El rayo verde
Siempre resultan seductoras las traiciones al original como la que perpetra Baz Luhrman. Para el director de Moulin Rouge el libro de Scott Fitzgerald es solo un barro con el cual formar otra obra suya, personal. El gran Gatsby es mucho más una película propia que una transposición (o, peor, que una “adaptación”): el director, para bien o mal, trabaja con materiales del cine y consigue un producto impensado para la literatura u otro lenguaje. Los problemas aparecen en la segunda parte, la que se ocupa especialmente de Gatsby; antes de su aparición, el relato es un frenesí de fiestas, alcohol y droga, un desborde puramente luhrmaniano que subyuga el ojo y lo atrapa con el barroquismo de los decorados, el vestuario, los objetos y, sin ir más lejos, con esa orgía permanente de cuerpos que, olvidados de su origen y su status, se dan cita repetidamente en las estancias dispuestas por un generoso anfitrión que juega a las escondidas. Hasta ahí, en medio de una marea de gente que se agita frenética con los ritmos de la época, el director consigue un calibrado dispositivo fílmico que, en cierta medida, está condenado al fracaso: ninguna película puede ser tan libre como para prolongar indefinidamente esa celebración pagana sin rendir tributo en algún momento a los mandamientos narrativos.

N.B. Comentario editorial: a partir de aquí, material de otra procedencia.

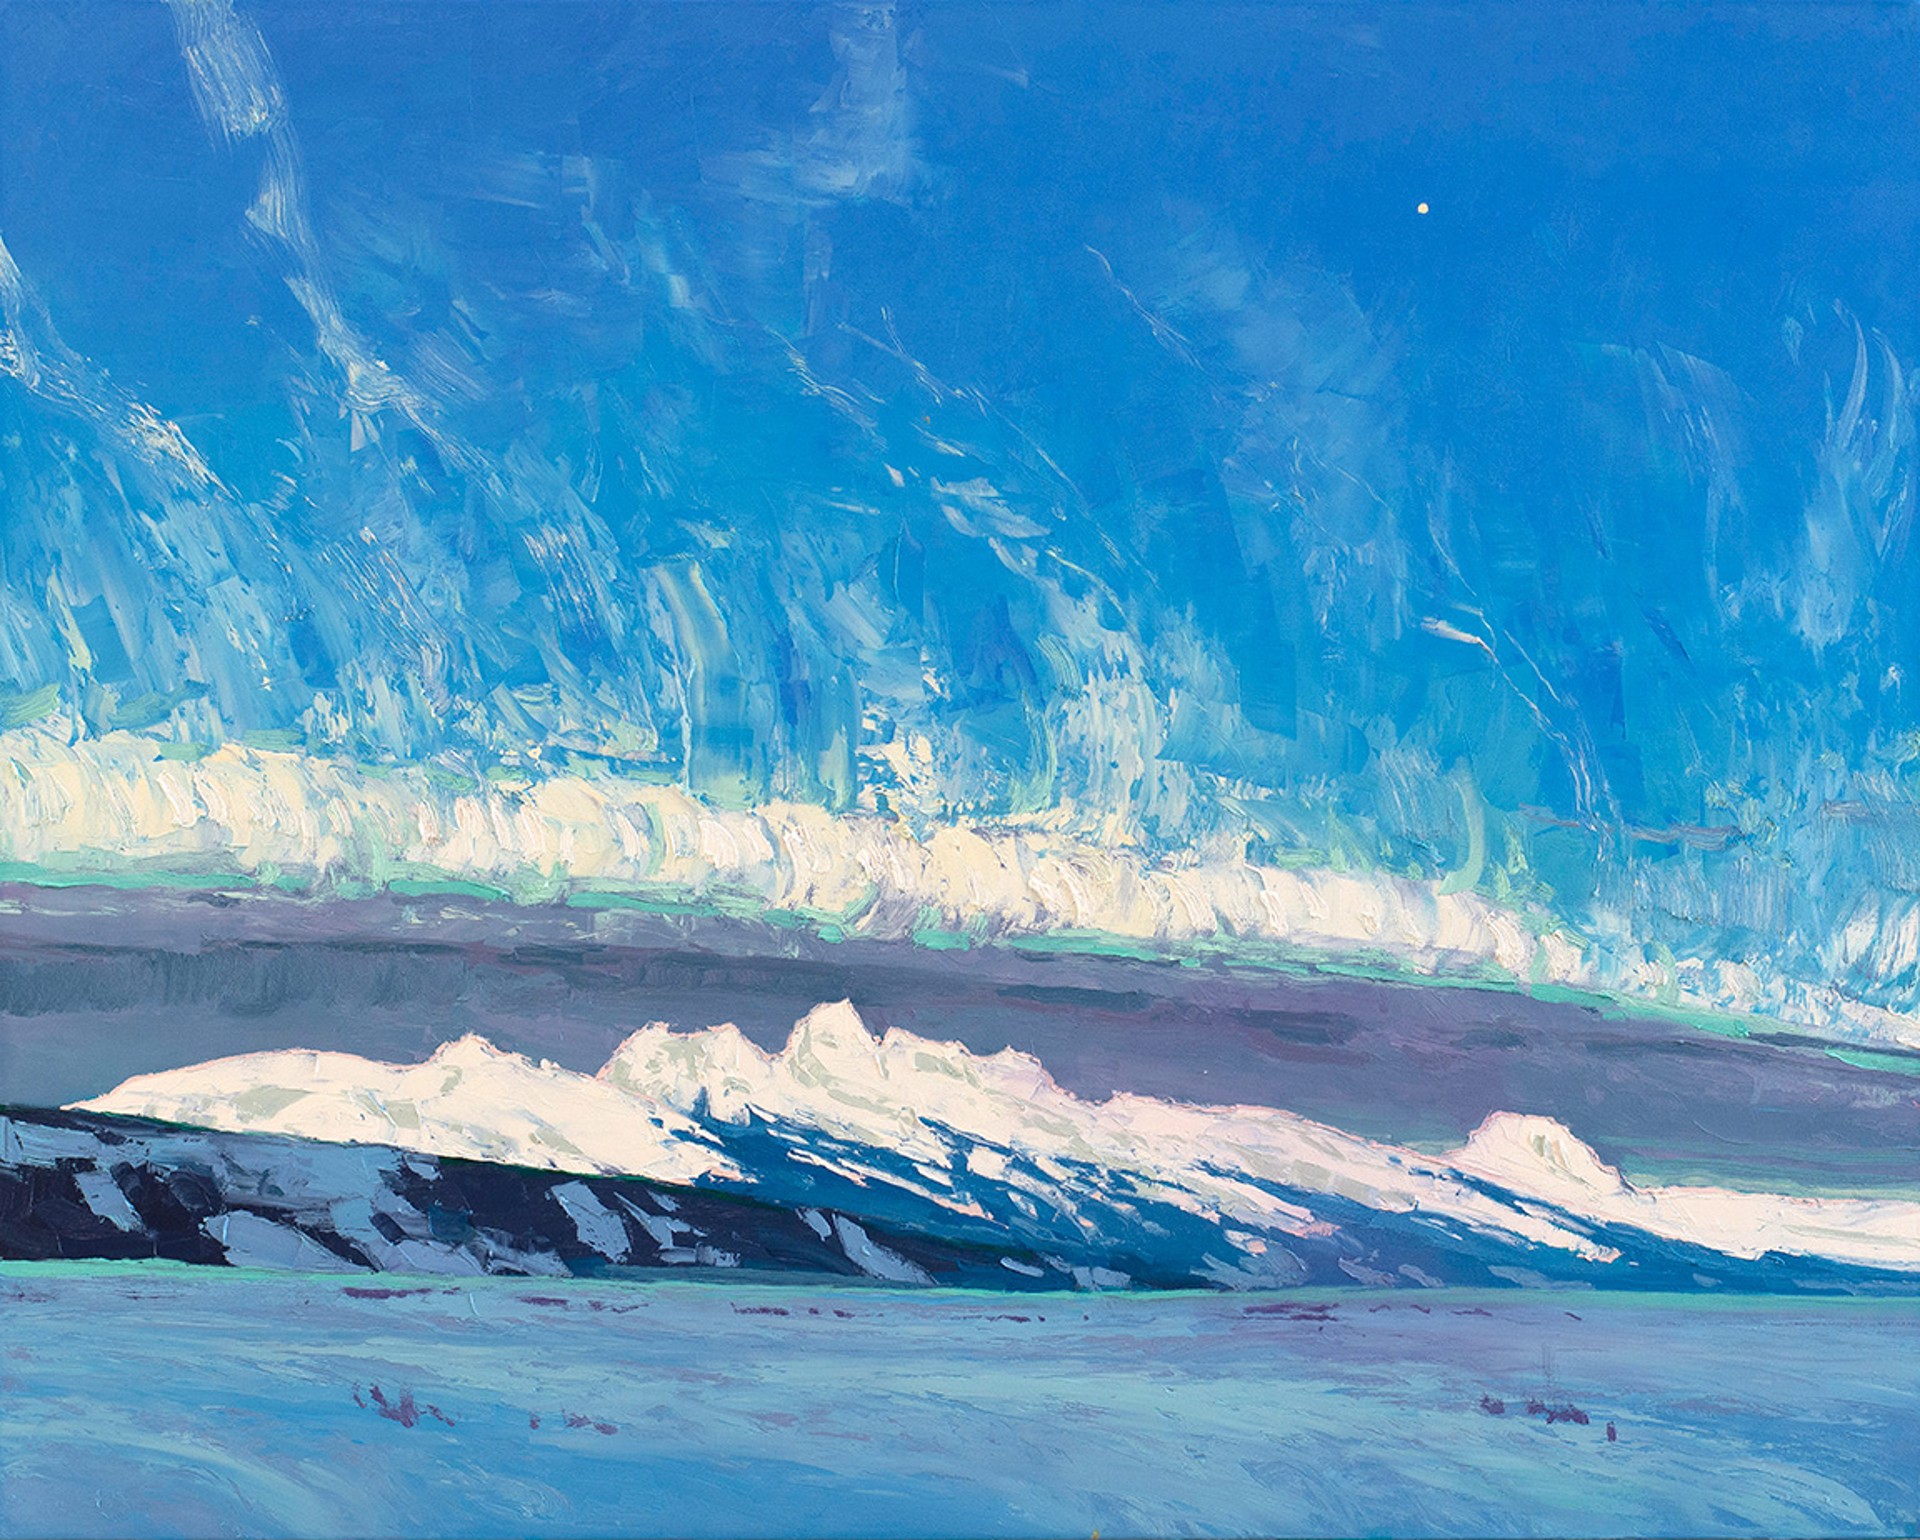 Original Oil Painting By Silas Thompson Of The Tetons In A Winter Landscape

Cuando Gatsby se deja ver, gradualmente el ojo se desengancha: el guión opta por ahondar en los relieves de la psicología de los personajes, y la imagen, antes tan desaforada, tan viva, ahora pasa solo a complementar el drama de los enamorados. Los diálogos copan la banda de sonido y desbancan la música anacrónica y en constante desfase con que el director parecía decirnos en la cara, todo el tiempo, que esta era una película suya y que el origen literario le importaba poco; tan poco como pasar prácticamente por alto el retrato de los roaring twenties. La película ahora se reconcentra sobre Gatsby y su pasado enigmático; mejor, se dedica a indagar en el relato a medida acerca de ese pasado que el protagonista se confecciona y calza como otro de sus sacos elegantes, y la verdad se convierte en una mera intersección entre los hechos verídicos y las múltiples capas narrativas que despliega el enorme e inacabable Gatsby de Leonardo Di Caprio.

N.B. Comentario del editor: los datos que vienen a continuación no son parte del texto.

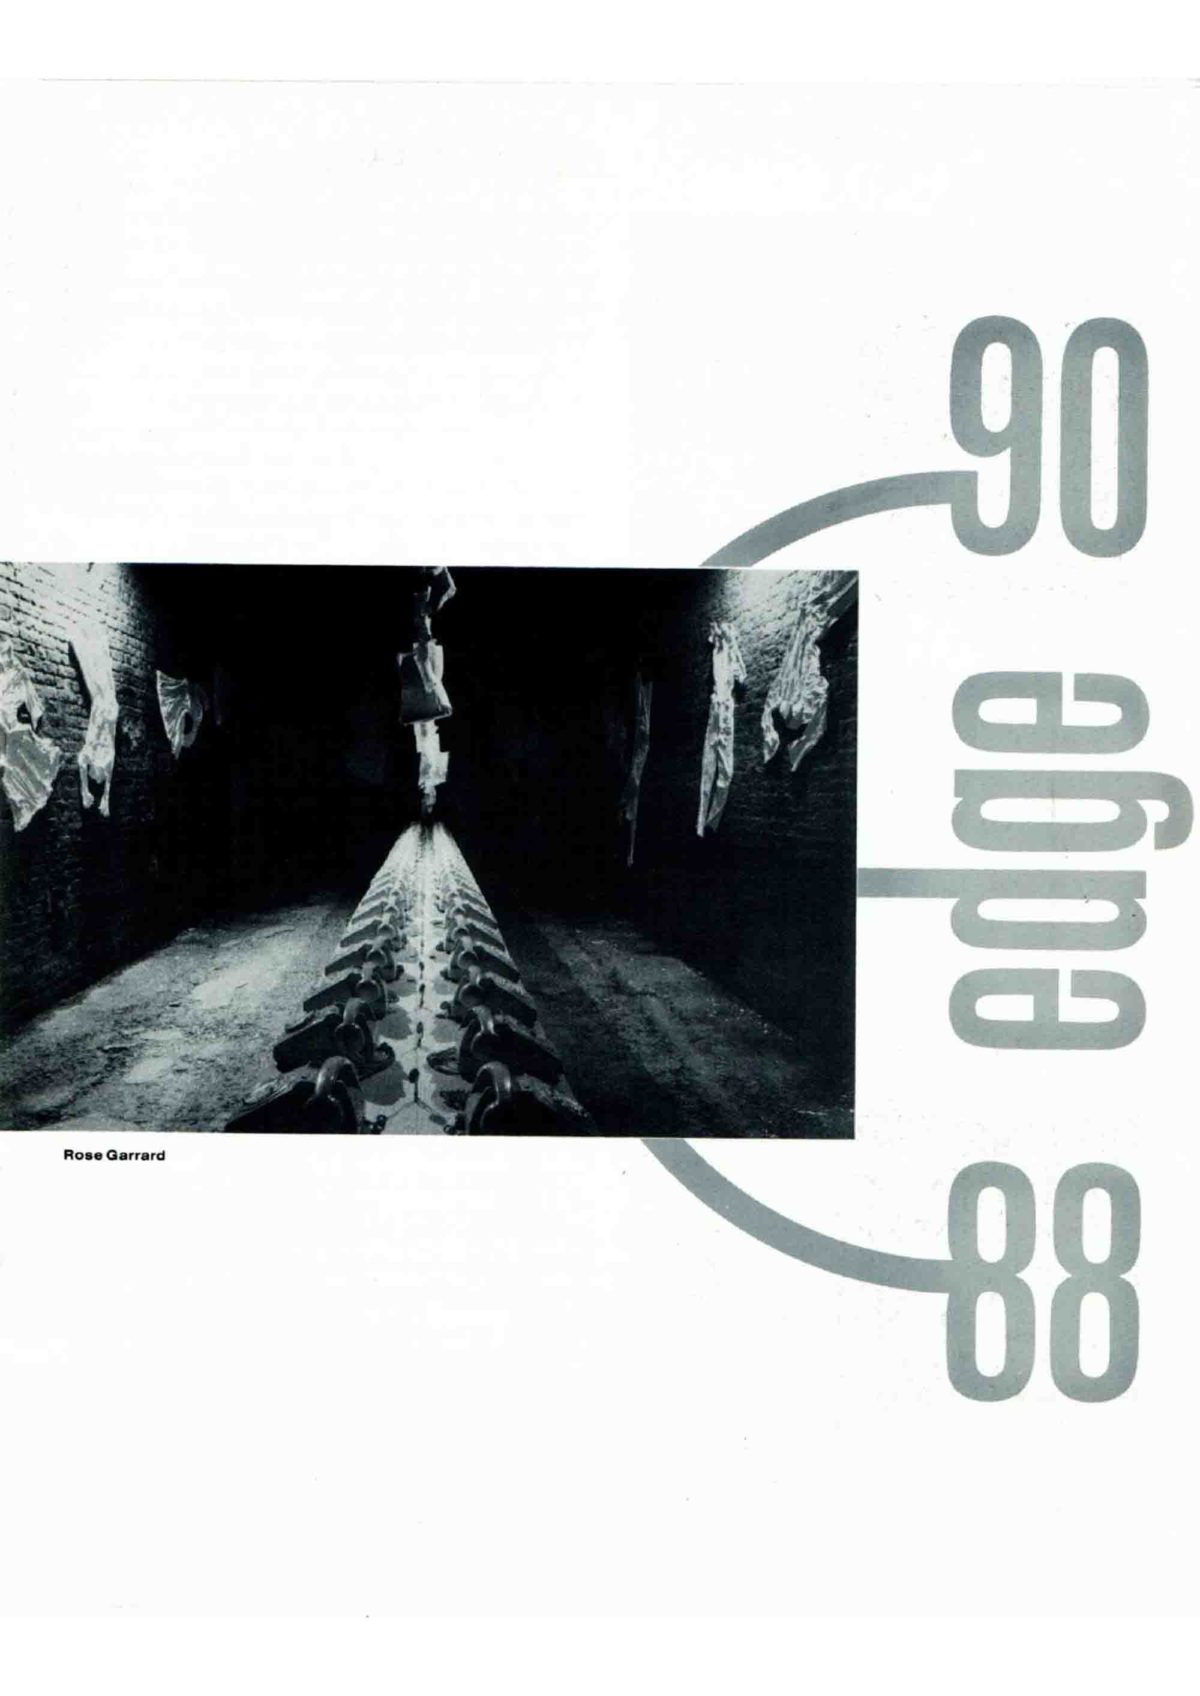 EDGE 88-99 Booklet, 1988 (Page 3 of 11)

Para este punto, Luhrman ya no confía en el mundo diseñado en la primera mitad; un mundo evidentemente artificial que, como en Moulin Rouge o Australia (que también decaía mucho en su segunda parte), se ofrecía robusto menos por el trabajo del guión que por el del CGI. Justamente, cuando se vislumbra el final, el director se olvida de ese universo y sus personajes y los vuelve los signos de uno o dos grandes, insistentes significados, como el de la presencia de alguna clase de fuerza, de Dios invisible que mira a sus hijos descarriados desde un cartel de una óptica que contiene un par de ojos enmarcados por unos lentes. Lo mismo vale para la luz verde del faro, símbolo de alguna especie de claridad, de nitidez en la percepción de lo real que se revela solo muy de vez en cuando. Si había alguna clase de belleza en esos ojos y en la luz de ese faro, Luhrman la arruina cuando los subraya hasta el exceso; el centro ya no es Gatsby, espíritu esquivo de una época agitada, sino el sentido con el que el director, sorprendentemente, quiere explicar su mundo y reducirlo a apenas unas pocas ideas pretenciosas acerca de la vida, el pasado y el castigo. Sin embargo, ese simbolismo grueso no acaba nunca por eclipsar la titánica labor de Di Caprio que, pacientemente, película tras película y contra cualquier prejuicio de la crítica y el público, viene demostrando ser uno de los mejores actores de su generación y del cine de las últimas décadas. El Jay Gatsby de Lurhmann parece haber sido creado solo para el lucimiento sin fin del actor; el director sabe perfectamente que es un intérprete enorme como Di Caprio el que mantiene amalgamadas las varias caras de una película igualmente ambiciosa, y es por eso que, cuando la historia abandona los excesos y los bailes convulsionados y se posa especialmente cerca del trío protagónico, ese cambio de escala funciona solo por la presencia generosa e inacabable del actor.